Data Compliance Automation

Compliance and security issues can mean that the process of gaining access to production data for ML experiments or testing purposes can be a lengthy and costly process, disrupting the workflow of data engineers and increasing the lead time of projects. Furthermore, once data access is granted it may prove that the dataset is inappropriate for an engineers needs, meaning the whole process of gaining data access must be restarted.

The concerns regarding the presence of sensitive information in data pipelines can be alleviated through the use of synthetic data. Synthetic data (such as the data generated by the HighDimSynthesizer), prevents certain privacy attacks as there is no 1-1 mapping between the original data and the synthetic.
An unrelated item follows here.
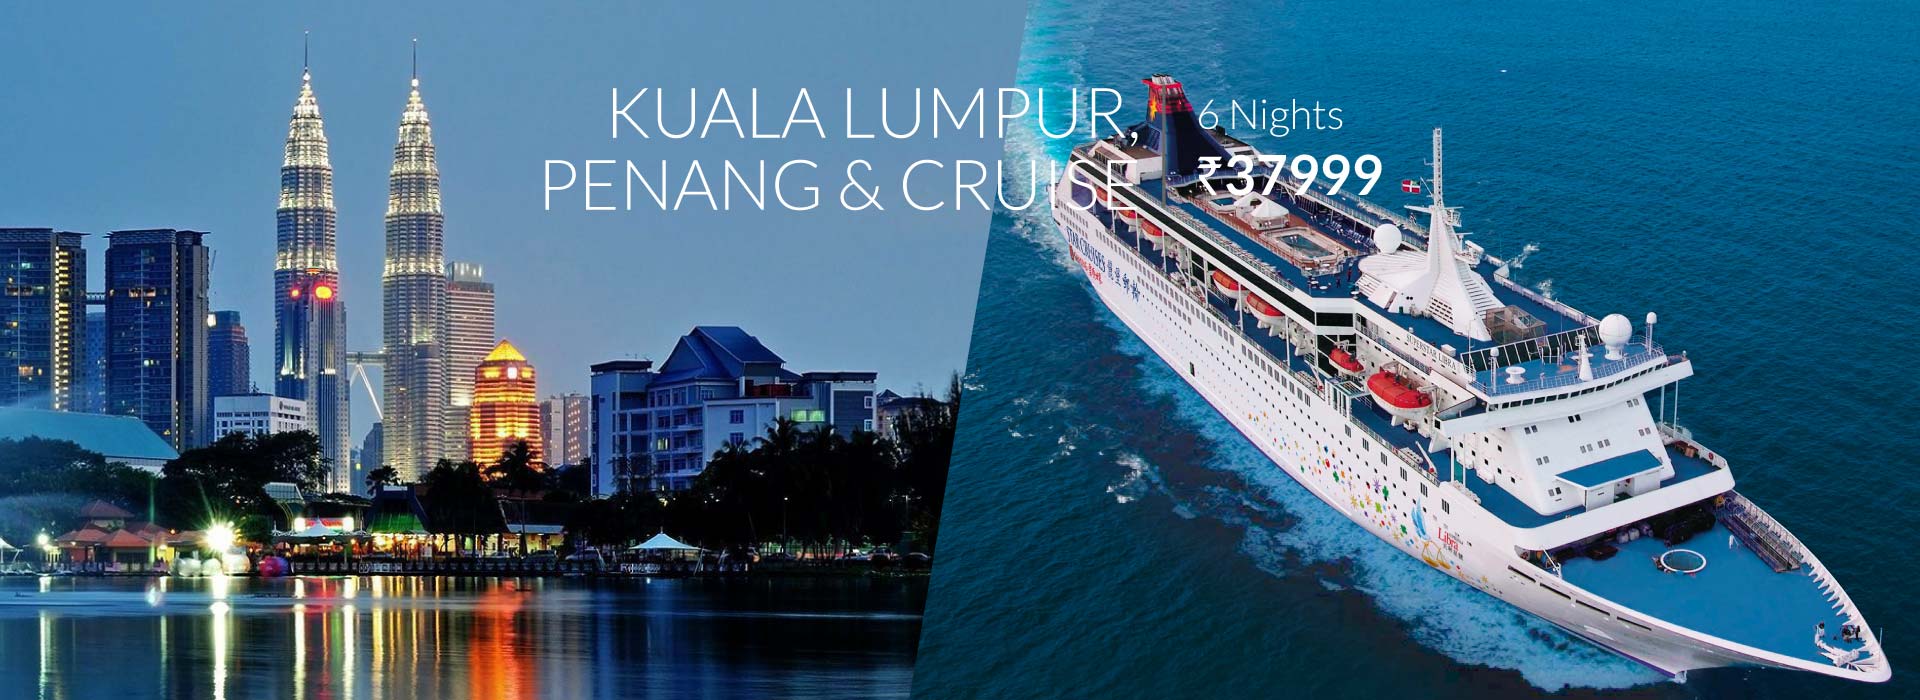 Kuala Lumpur, Penang & Cruise

A range of tools are available as part of the SDK that can be combined in an extensible manner in order to deal with various types of sensitive information:

Privacy Tool Guide Description

Entity Annotation

Annotations provide the ability to link multiple related columns and synthesize realistic data as a whole.

Differential Privacy

The package provides methods for Differential Privacy which enforce mathematical guarantees on the privacy of the generated data.

Privacy Masks

The privacy masking tools allow for more conventional methods of privacy preservation to be combined with Synthetic data.

Strict Synthesis

The Sanitizer allows for a strict synthesis method where no synthetic data point will be nearby an original data point.

Anonymization and Synthetic Data

Synthesized provides a comprehensive toolset to generate synthetic data that can be efficiently used for development and testing purposes. When deciding what tools to use when generating synthetic data, it is important to understand the types of sensitive data present in the original dataset.

There are typically three common types of data classifications:

  • 1. Client Identifying Data or Personally Identifiable Information (CID or PII data) or data handled as CID/PII

  • Cat:A Direct CID/PII

  • Cat:B Indirect sensitive ID for CID/PII

  • Cat:C CID/PII resulting from a combination of multiple attributes (e.g. Bank Sort Code + Bank Account Number)

  • 2. Cat:D Non-sensitive, identifier for CID/PII

  • 3. Cat:E Non-CID

compliance categories

There will be instances where the most appropriate course of action is to simply redact the sensitive data - either removing the value completely, or replacing with "XXXX". Such an example of Cat A CID would be an individual’s account number or sort code. However, in other instances, it may be sufficient to substitute data fields containing CID with non-CID. For example, an individual’s income is non-sensitive data, but could potentially be used as an identifier for PII making it a Cat D attribute. Therefore, in order to preserve the utility of dataset while ensuring a degree of anonymization it may be appropriate to generalise the numeric value to a broader range. The masking and obfuscation techniques available are detailed in the Privacy Masks documentation.

Where identifying or sensitive information is spread across multiple linked columns, the dataset can be easily annotated to link the appropriate fields together. When annotated, Synthesized will learn to generate realistic entities as a whole, rather than independently generating individual attributes. In addition, Synthesized supports attribute-level pseudo-anonymization - where information relating to a data subject (e.g. the data subject’s name) is substituted with a pseudonym/identifier (e.g. token, mnemonic, etc.) in order to make it difficult (for a receiving unauthorized party) to attribute such information to an identifiable data subject. As an example, a dataset may contain first names, last names and email address made up of the combination of the two. In this case the sensitive nature of the data in the name fields can be substituted and a consistent email address generated. For a full list of possible entities that can be generated, see the Entity Annotation guide.

However, as explained in our blog posts How Weak Anonymization Became a Privacy Illusion and Three Common Misconceptions about Synthetic and Anonymized Data, when used in isolation anonymization techniques can still be broken and may not fully satisfy all compliance requirements. A more secure and robust option from the compliance point of view is to combine anonymization and then data generation from the anonymized data. That way, it can be guaranteed that there is no 1-to-1 mapping between entries in the original and synthetic data. In addition, the categories and data types are completely new semantically as well, i.e. there is no connection to the original data type.

If no annotations or masks are used in the configuration, the synthesizer will still generate data that can be linked to the original data. A simple example that illustrates this would be when synthesizing the following table with two columns.

Row Object

1

Apple

2

Orange

3

Orange

4

Apple

5

Orange

Here, the synthesizer can generate a table with a different number of rows, and no single synthetic row corresponds to a single original row, but the actual catagories are still the same. In this sense, the synthetic data can be linked to the original data.

And so when there is a column containing PII such as customer names instead of "Apple" and "Orange", the synthesizer should be configured with annotations and/or masks as to preserve the privacy (as described on this page). An annotation such as PersonAnnotation could be used to generate new names that could not linked to the original names.

Taking the above into account, Synthesized offers a significantly higher level of privacy compared to anonymization techniques alone making it impossible to determine original records from the synthetic data with any guarantee.